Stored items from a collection
:::

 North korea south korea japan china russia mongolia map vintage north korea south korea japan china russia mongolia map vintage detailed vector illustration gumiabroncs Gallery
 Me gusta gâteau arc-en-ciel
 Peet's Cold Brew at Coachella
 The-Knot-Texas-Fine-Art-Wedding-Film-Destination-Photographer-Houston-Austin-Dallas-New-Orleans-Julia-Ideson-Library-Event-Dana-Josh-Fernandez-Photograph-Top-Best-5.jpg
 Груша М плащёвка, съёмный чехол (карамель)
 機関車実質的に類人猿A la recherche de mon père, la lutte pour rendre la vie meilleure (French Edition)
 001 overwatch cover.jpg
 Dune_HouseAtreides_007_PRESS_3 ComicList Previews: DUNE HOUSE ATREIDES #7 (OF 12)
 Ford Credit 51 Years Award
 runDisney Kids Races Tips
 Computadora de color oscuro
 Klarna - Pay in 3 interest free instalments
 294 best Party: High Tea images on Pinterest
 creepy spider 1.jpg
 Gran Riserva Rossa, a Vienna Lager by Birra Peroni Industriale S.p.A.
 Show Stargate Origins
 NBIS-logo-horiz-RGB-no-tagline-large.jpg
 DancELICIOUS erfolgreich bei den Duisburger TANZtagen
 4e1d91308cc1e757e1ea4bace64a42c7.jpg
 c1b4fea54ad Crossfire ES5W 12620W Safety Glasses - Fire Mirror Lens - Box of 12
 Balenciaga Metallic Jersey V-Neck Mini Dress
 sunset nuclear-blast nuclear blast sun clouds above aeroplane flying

:::

Task requirements :: The response must contain exactly the lines from the one with "Computadora de color oscuro" to the end of the entries above, both included, and nothing more.

Output of the exercise ::
 Computadora de color oscuro
 Klarna - Pay in 3 interest free instalments
 294 best Party: High Tea images on Pinterest
 creepy spider 1.jpg
 Gran Riserva Rossa, a Vienna Lager by Birra Peroni Industriale S.p.A.
 Show Stargate Origins
 NBIS-logo-horiz-RGB-no-tagline-large.jpg
 DancELICIOUS erfolgreich bei den Duisburger TANZtagen
 4e1d91308cc1e757e1ea4bace64a42c7.jpg
 c1b4fea54ad Crossfire ES5W 12620W Safety Glasses - Fire Mirror Lens - Box of 12
 Balenciaga Metallic Jersey V-Neck Mini Dress
 sunset nuclear-blast nuclear blast sun clouds above aeroplane flying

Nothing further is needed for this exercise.